Topological sorting colored tree

Submitted by: @import:stackexchange-cs··
0
Viewed 0 times
sortingtopologicalcoloredtree

Problem

EDIT: The most general case I need is not a tree but any Directed Acyclic Graph.

I have a directed acyclic graph.

I need to sort it in a list so that in the list every node comes after any node it can walk to in the graph.

So far so good, just use a topological sorting algorithm.

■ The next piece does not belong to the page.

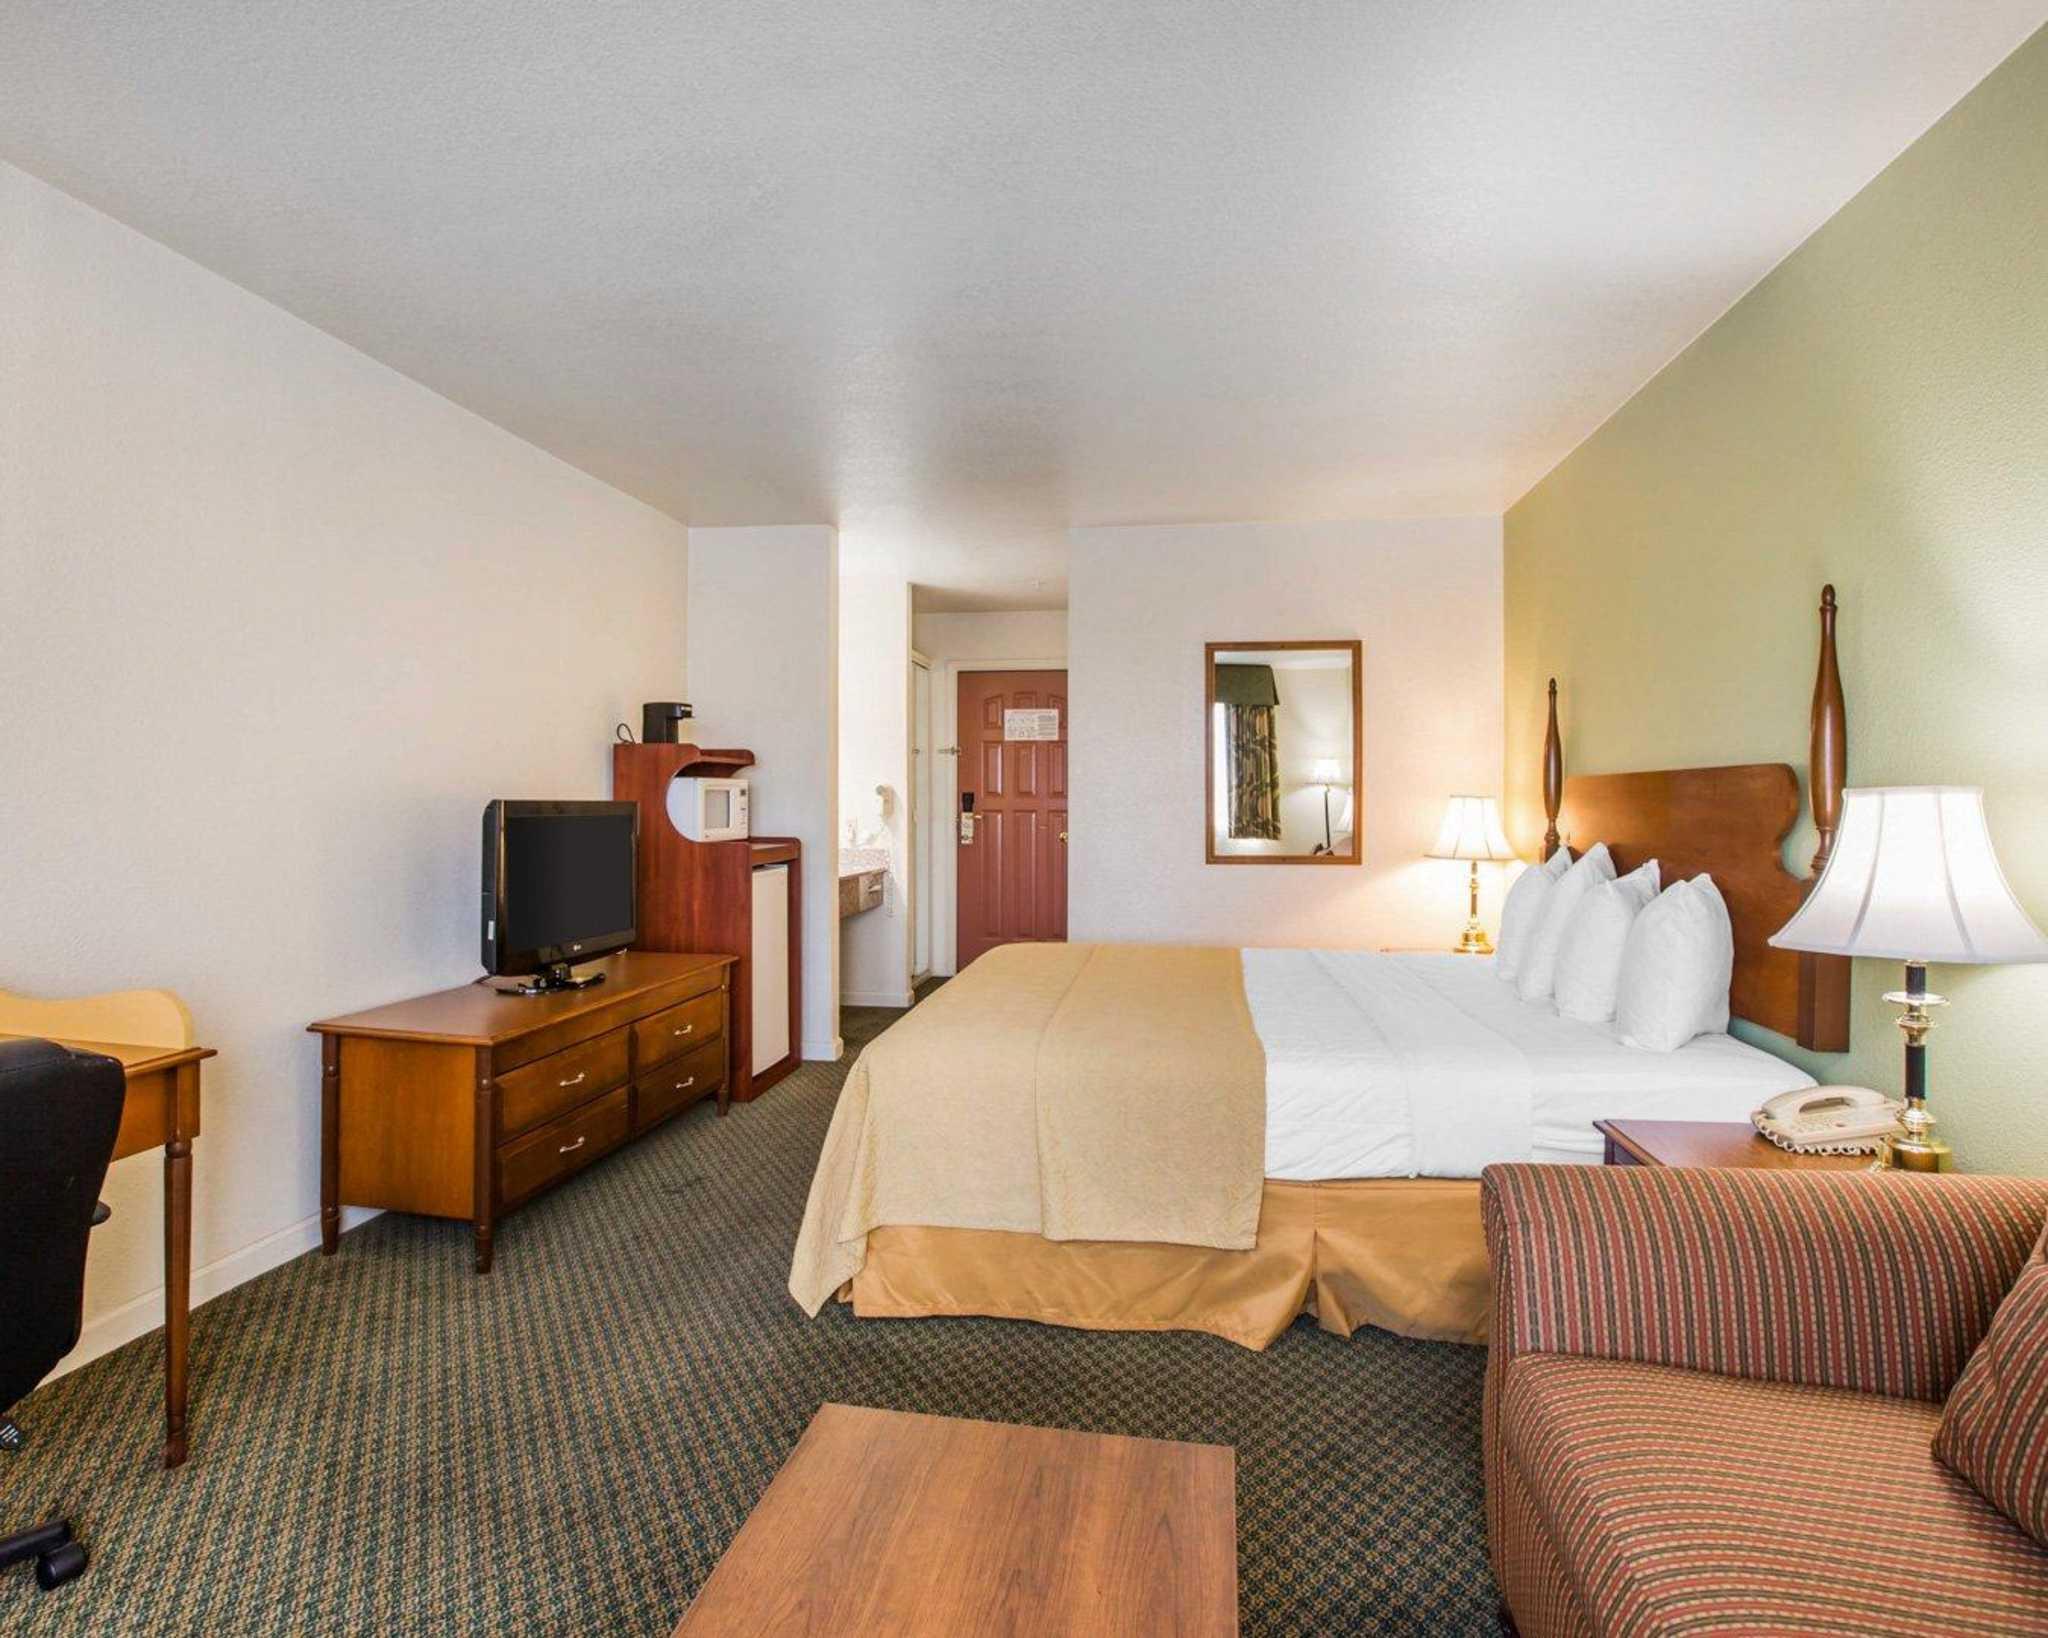 Quality Inn image 9

However, I have an additional constraint: Each node in the graph is colored, and I need to find a sorting so that the list is as cohesive as possible. In other words, if you walk the list, you should see a change in colors as few times as possible.

Other thoughts:

-
I need an efficient algorithm. No iterating through all possible sortings.

-
The set of colors is typically much smaller than the set of nodes in the graph.

-
If no efficient exact algorithm is possible, I would be happy with a heuristic one that is likely to produce good results.

-
There is some information that one could potentially use for the heuristic: The colors are also partially ordered, and this ordering of the colors is correlated to the ordering of the nodes. I.e. a node is likely (but not guaranteed) to have a color that is "smaller than" the color of its parent node.

-
You can think of the problem this way: I have a set of jobs, and each job can depend on the output of several other jobs (if x depends on y there is an arrow from x to y). There is an overhead associated with setting up the data needed for each job, but this overhead is significantly reduced if the previous job had the same "color". The whole set of jobs is typically executed many thousand times, so if one can find an not too expensive way to improve the order of the jobs, that will pay off.

So far I have come up with this algorithm which works well most times, but not always:

first pass:

Define the order "<=" so that x <= y if y can walk to x in the graph.

find any topological sort of the nodes and put it in the list L
(L is sorted from smallest to largest w.r.t the partial ordering "<=" )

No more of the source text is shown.